Policies such as limiting public expenditures, condition for renegotiating state debts, repatriation of money improperly placed abroad (corruption), release of resources from inactive Guarantee Fund for Length of Service (FGTS) accounts, end of payroll exemptions of companies with intensive use of labor, liberation of one billion Reais for cattle farmer after Operation "weak meat," not to mention anti-people reforms of Social Security and Labor, including Outsourcing, to embody the imperialist interests, the comprador fraction of the big bourgeoisie mainly, and the latifundia.

However, although it strikes the people hard by increasing both the rate of exploitation and surplus value, it drains the extorted resources of the population to the banks and “agribusiness” and brutally cuts off the already extremely critical and chaotic social areas budget, such adjustments are proving to be innocuous for the old order to achieve its fallacious goals of "reactivating the economy", "resuming growth", "generating more jobs" and "cleaning up public finances" in the face of the colossal economic crisis and the old state finances bankruptcy, within the general crisis of imperialism.

General crisis of imperialism and the semicolonial and semifeudal condition

We have affirmed the semicolonial and semifeudal condition of our country, observing Lenin's definition that with the rise of imperialism the world was divided between a handful of oppressive nations and a vast majority of oppressed and exploited nations, these being divided between colonies and semicolonies.

The semicolonies, as is the case in Brazil, are constituted by States which, in appearance, are sovereign, but in essence, are dominated by imperialism that exercises its domination through lackey ruling classes, which compete among themselves for the commanding positions of State institutions such as the executive, the legislative and the judiciary, placing them at the service of their exploitative class interests. Thus we affirm that the Brazilian State is a bourgeois-latifundia State servant to imperialism.
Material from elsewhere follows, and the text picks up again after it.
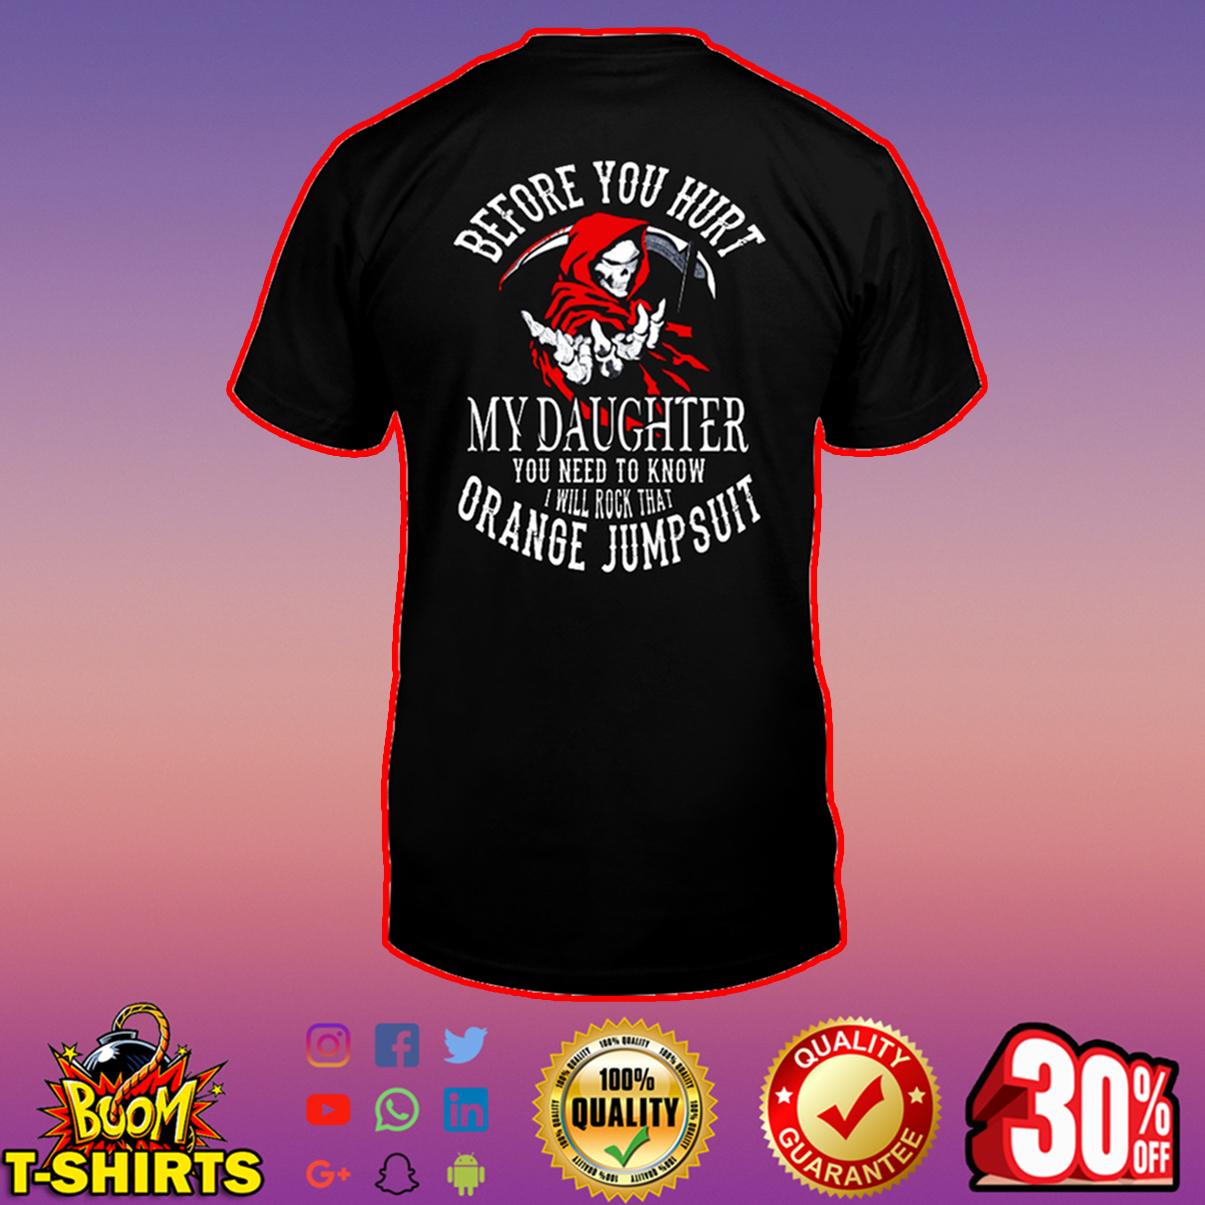 Before you hurt my daughter shirt

Historically in Brazil, since imperial times under English semicolonialism, and after the rise of imperialism under English domination and later, Yankee, "governments" - actually shift managements - have led the country under the reins of national subjugation, which is the policy imposed by imperialism, so that semi-colonial / semi-feudal countries serve as complementary economy.

In moments of deep crisis like that which erupted from 2008, imperialism increases its eagerness over the colonies and semicolonies in order to keep their gains at the expense of the greater looting of them, directly, grabbing even more their mineral resources, for the control and extortion of the national budget and the withdrawal of workers' rights. Everything to raise the rate of exploitation with the consequent increase of its profits.

Revolutionary situation in development

It is not too much to say that the crisis in the economy produces the strifes between the power groups representing the fractions of the ruling classes opening a political crisis that in its deepening ends up involving the society from top to bottom. This strife for control of the State apparatus for gaining more or losing less becomes radicalized while to face the economic crisis, increase the degree of exploitation on the masses, which in turn, rebel against this state of affairs and are increasingly repressed by greater violence. This is the objective revolutionary situation: those above cannot govern as before and those below can no longer live in the conditions of the old order.

Those from above unleash a reactionary civil war against the countryside and city people who are desperately defending their trampled rights, responding with land taking in the countryside and increasingly belligerent protests in the cities. Such a situation depends on the minimal existence of a determined revolutionary vanguard to turn the protests and struggles of the masses in the countryside and in the city into revolutionary actions for the conquest of political power. In perspective the executioners of the people will not escape.